DATA PROVIDED:

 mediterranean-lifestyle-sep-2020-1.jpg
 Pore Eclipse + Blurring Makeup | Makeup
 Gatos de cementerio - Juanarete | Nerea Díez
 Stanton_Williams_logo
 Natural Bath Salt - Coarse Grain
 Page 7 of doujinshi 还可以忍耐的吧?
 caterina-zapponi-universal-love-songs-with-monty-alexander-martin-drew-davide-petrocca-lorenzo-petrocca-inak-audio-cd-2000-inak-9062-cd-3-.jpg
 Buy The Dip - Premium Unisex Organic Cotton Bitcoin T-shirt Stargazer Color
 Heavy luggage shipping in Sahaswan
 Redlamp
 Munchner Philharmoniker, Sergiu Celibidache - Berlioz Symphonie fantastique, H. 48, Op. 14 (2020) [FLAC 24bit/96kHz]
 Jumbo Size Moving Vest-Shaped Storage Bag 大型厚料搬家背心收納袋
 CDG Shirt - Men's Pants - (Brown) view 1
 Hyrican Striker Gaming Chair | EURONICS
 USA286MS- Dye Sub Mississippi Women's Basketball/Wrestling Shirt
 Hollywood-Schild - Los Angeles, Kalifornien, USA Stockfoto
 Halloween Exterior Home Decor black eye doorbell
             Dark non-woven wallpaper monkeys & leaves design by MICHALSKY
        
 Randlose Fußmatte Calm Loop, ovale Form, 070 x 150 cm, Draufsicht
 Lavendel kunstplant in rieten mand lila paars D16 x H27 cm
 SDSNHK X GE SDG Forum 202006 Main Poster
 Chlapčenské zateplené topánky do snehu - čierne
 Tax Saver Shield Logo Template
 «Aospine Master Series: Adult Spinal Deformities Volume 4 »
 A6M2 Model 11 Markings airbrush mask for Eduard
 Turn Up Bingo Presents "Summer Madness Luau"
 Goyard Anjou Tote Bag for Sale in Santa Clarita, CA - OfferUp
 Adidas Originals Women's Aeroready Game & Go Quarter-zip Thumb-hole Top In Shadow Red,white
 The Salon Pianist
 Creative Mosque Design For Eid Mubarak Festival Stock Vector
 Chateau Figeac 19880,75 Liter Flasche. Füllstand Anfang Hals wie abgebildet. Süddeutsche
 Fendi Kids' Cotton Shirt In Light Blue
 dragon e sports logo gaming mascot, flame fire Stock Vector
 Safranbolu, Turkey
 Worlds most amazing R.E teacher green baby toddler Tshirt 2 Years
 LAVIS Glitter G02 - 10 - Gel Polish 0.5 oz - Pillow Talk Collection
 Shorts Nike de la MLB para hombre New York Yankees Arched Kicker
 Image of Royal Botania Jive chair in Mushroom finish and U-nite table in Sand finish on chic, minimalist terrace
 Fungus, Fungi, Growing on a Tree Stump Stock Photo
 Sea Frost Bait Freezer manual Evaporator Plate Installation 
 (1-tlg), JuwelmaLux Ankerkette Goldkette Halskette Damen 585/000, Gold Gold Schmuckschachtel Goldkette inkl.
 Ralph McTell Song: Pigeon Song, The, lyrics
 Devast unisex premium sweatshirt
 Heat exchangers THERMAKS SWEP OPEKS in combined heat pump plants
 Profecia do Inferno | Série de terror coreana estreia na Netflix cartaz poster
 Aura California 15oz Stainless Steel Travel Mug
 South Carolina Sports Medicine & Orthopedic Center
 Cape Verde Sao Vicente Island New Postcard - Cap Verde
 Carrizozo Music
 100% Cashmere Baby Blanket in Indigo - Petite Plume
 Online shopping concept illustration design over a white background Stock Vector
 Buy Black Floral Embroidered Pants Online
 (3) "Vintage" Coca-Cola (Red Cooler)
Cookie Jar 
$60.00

WHAT YOU NEED TO DO: Wherever the string "Cotton" occurs in the listing, return the line it sits on.

REPLY:
 Buy The Dip - Premium Unisex Organic Cotton Bitcoin T-shirt Stargazer Color
 Fendi Kids' Cotton Shirt In Light Blue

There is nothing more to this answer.